Inherit from a Def and explicitly tell RimWorld to use that specific Type.

Pros

They're you're own Type, so you can extend their functionality until your heart is content.

Cons

  • Still bound to the base Def without access to its private methods
  • Using them requires a lot of casting
  • Only one custom class per Def
  • They don't offer a lot of extra functionality over DefModExtensions or C# Extension methods

When to use

When neither a Comp nor a DefModExtension works.

Custom Def

(Optionally) inherit from a Def and tell RimWorld to use your custom Def.

Pros

Fully your own Type, complete control. No incompatibility issues, because they're all yours.

Cons

Implementation from scratch.

When to use

If your Def is really unique to your mod or specific goal.

Other ways

Sometimes creative, sometimes hacky:

Checking for tags

Instead of using custom defClasses and comps you could also use tags. This is especially useful for lightweight features and simple compatibility.
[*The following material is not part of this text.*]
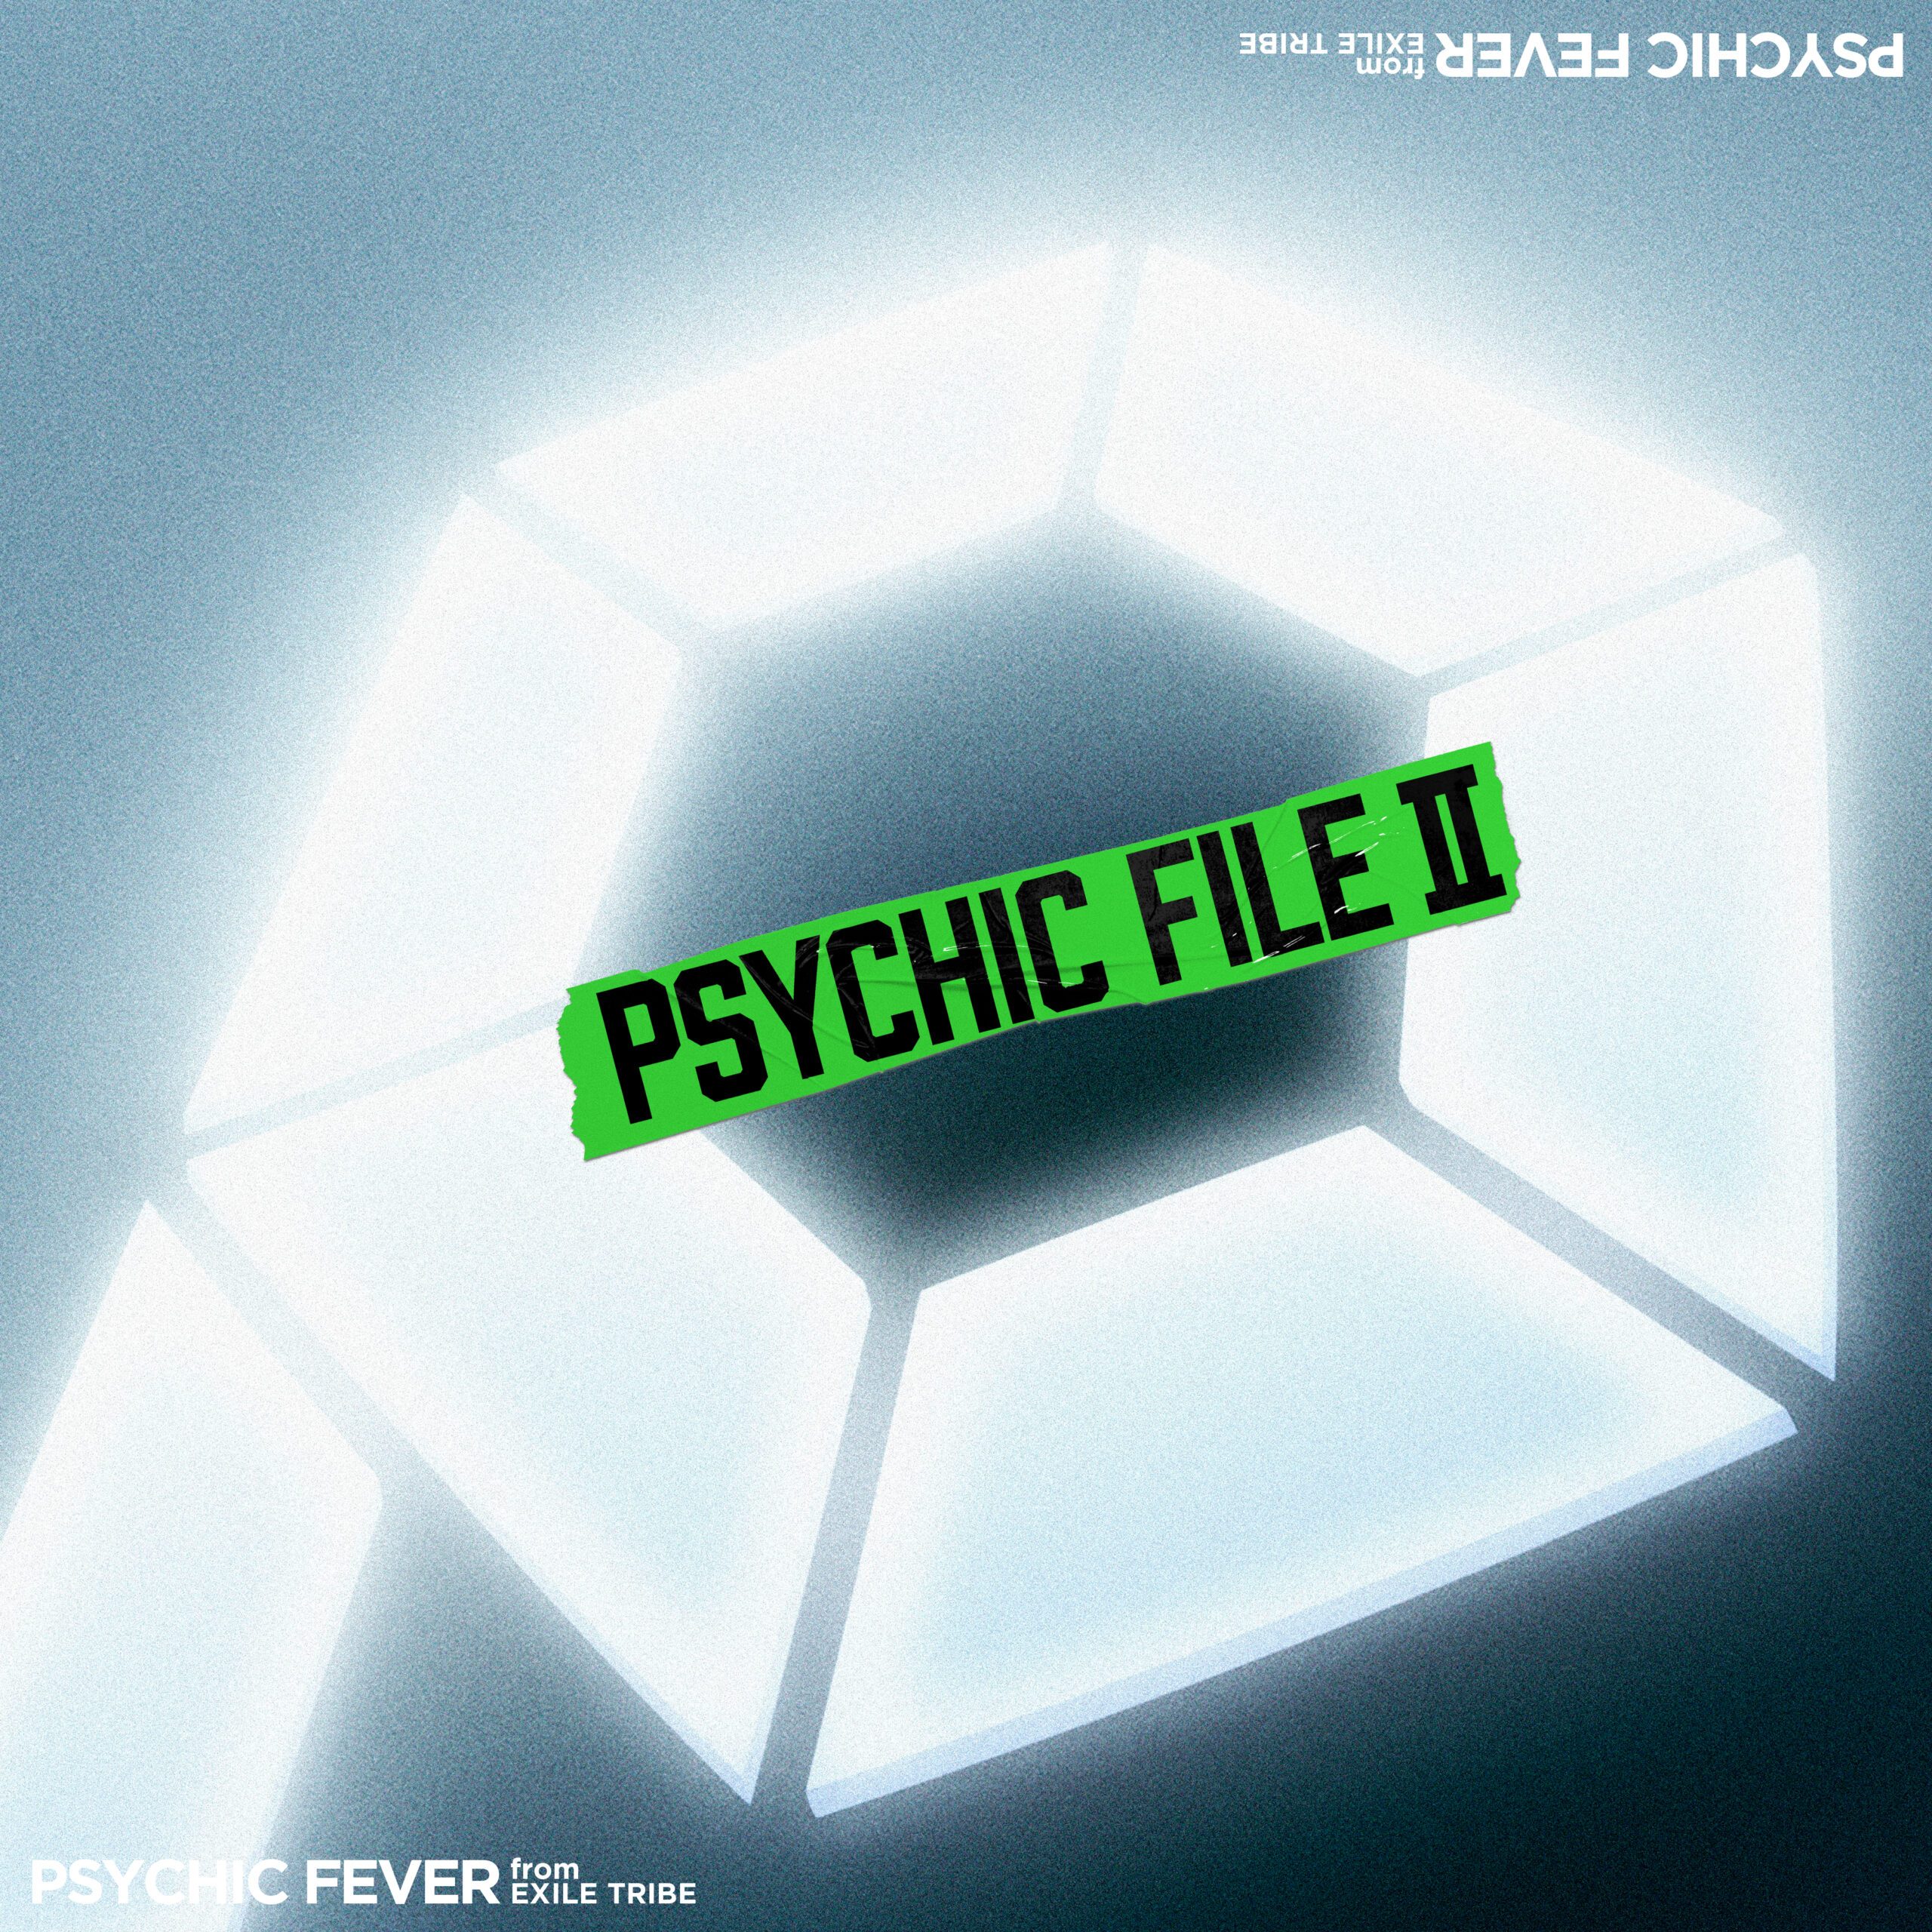 4月3日に発売されたセカンドアルバム「PSYCHIC FILEⅡ」のジャケット

Some tags are never used by a certain Thing such as ApparelTag on a Building. If a tag is never used it doesn't throw an error and therefore you could introduce as many useless tags as you want to a mod without the game complaining. When other mods check for these tags they can also do it without a problem. This way you could add tags of whatever name you want and let others check for this tag for compatibility.

Pros

Lightweight, easy.

Cons

Risk of potential side-effects. Kinda hacky.

Changing the class used by the Def

A lot of Defs have a field entry that specifies the C# class they are tied to. For instance, the GameConditionDef for the Eclipse has a conditionClass of GameCondition_Eclipse. Modders who wish to add some sparkles to the Eclipse could create a new GameCondition class called GameCondition_EclipseWithSparkles and use XPath to change the conditionClass to MyNameSpace.GameCondition_EclipseWithSparkles.

Pros

Pretty easy. Keeps most values of the original Def intact as well.

Cons

Subverts any Harmony patches on the original Class, so potential issues with compatibility.

Harmony patching

If you still want to use Harmony in the face of all these alternatives, you might have fallen for the Golden Hammer Design Pattern. But sure, go ahead.